90% who cleared NEET took coaching: Tamil Nadu study

Following the implementation of NEET, the committee found, there had been a 9.74% fall in admissions among first-generation graduates, 12.1% among rural candidates and 10.45% among candidates with parent incomes less than Rs 2.5 lakh per annum.

THE Justice A K Rajan Committee appointed by the M K Stalin government on the ‘Impact of NEET on Medical Admissions in Tamil Nadu’ found that 90% of those who cleared NEET in 2020 in the state had taken coaching, while nearly three-fourths (71%) were repeat applicants.

The study commissioned by the state government, which introduced a Bill in the Assembly last week seeking exemption for Tamil Nadu students from the centralised medical entrance exam, said NEET was successful “mainly and predominantly” for the above category of applicants, including those who had gone through a “long-term coaching curve”.

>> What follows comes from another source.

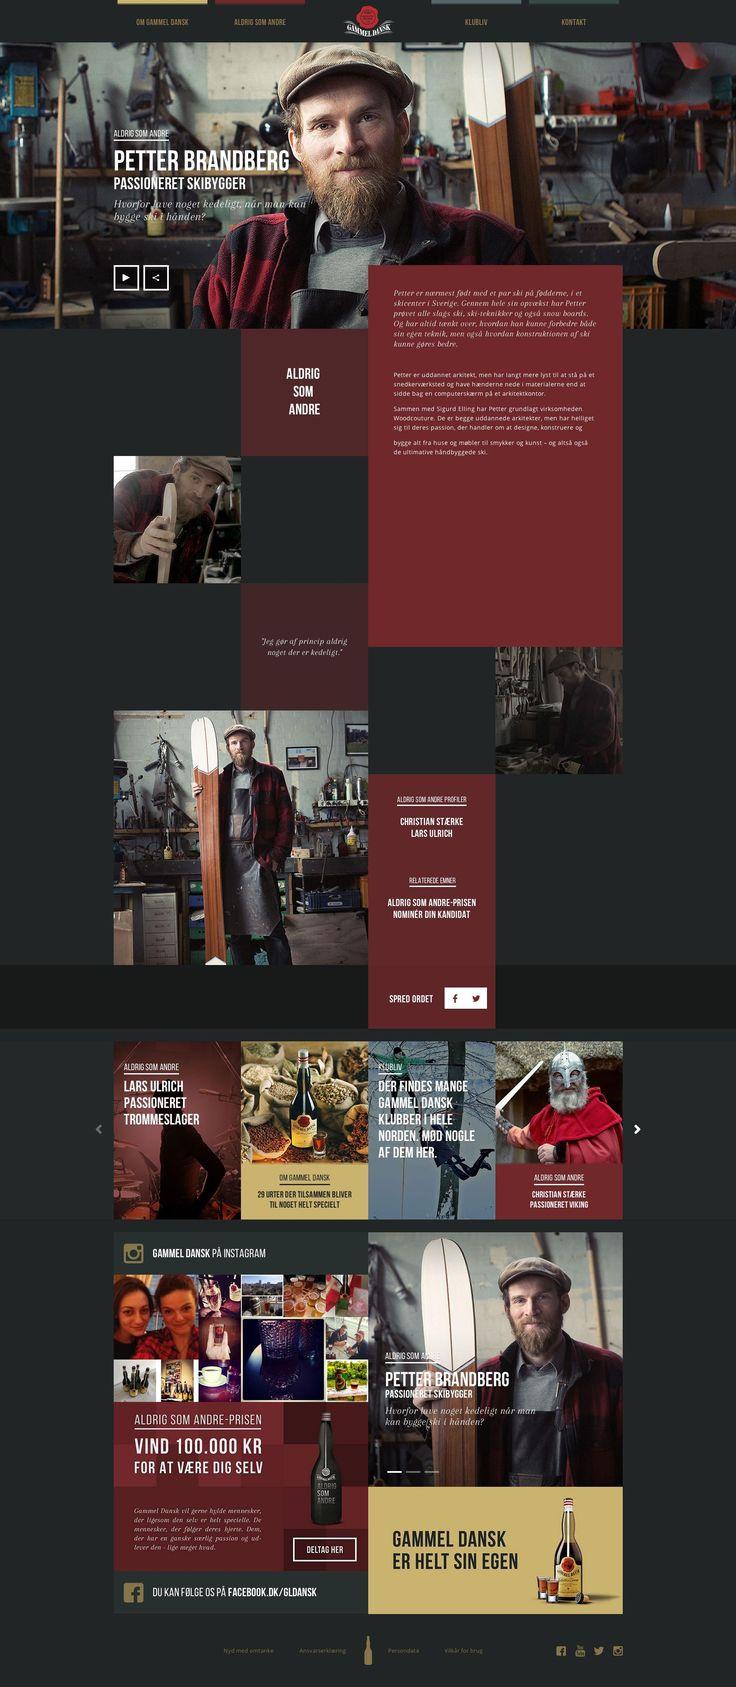 http://gammeldansk.dk/aldrig-som-andre/petter-brandberg/ | #webdesign #it #web #design #layout #userinterface #website #webdesign repinned by www.BlickeDeeler.de | Visit our website www.blickedeeler.de/leistungen/webdesign

With NEET appearing to favour urban, richer applicants, the committee said it has “created a generation of doctors and teaching faculties from mainly the privileged communities — the affluent, the creamy, the urban genre — who are well away from the grass root realities of the diverse social structure”. It recommended an immediate return to the practice of medical admissions through higher secondary scores.

Noting that this had “aggravated the divide and worsened the medical and healthcare sector”, the report compared admissions from High Human Development Index (HDI) and Low HDI districts. The HDI criteria include life expectancy at birth, educational standards and per capita income.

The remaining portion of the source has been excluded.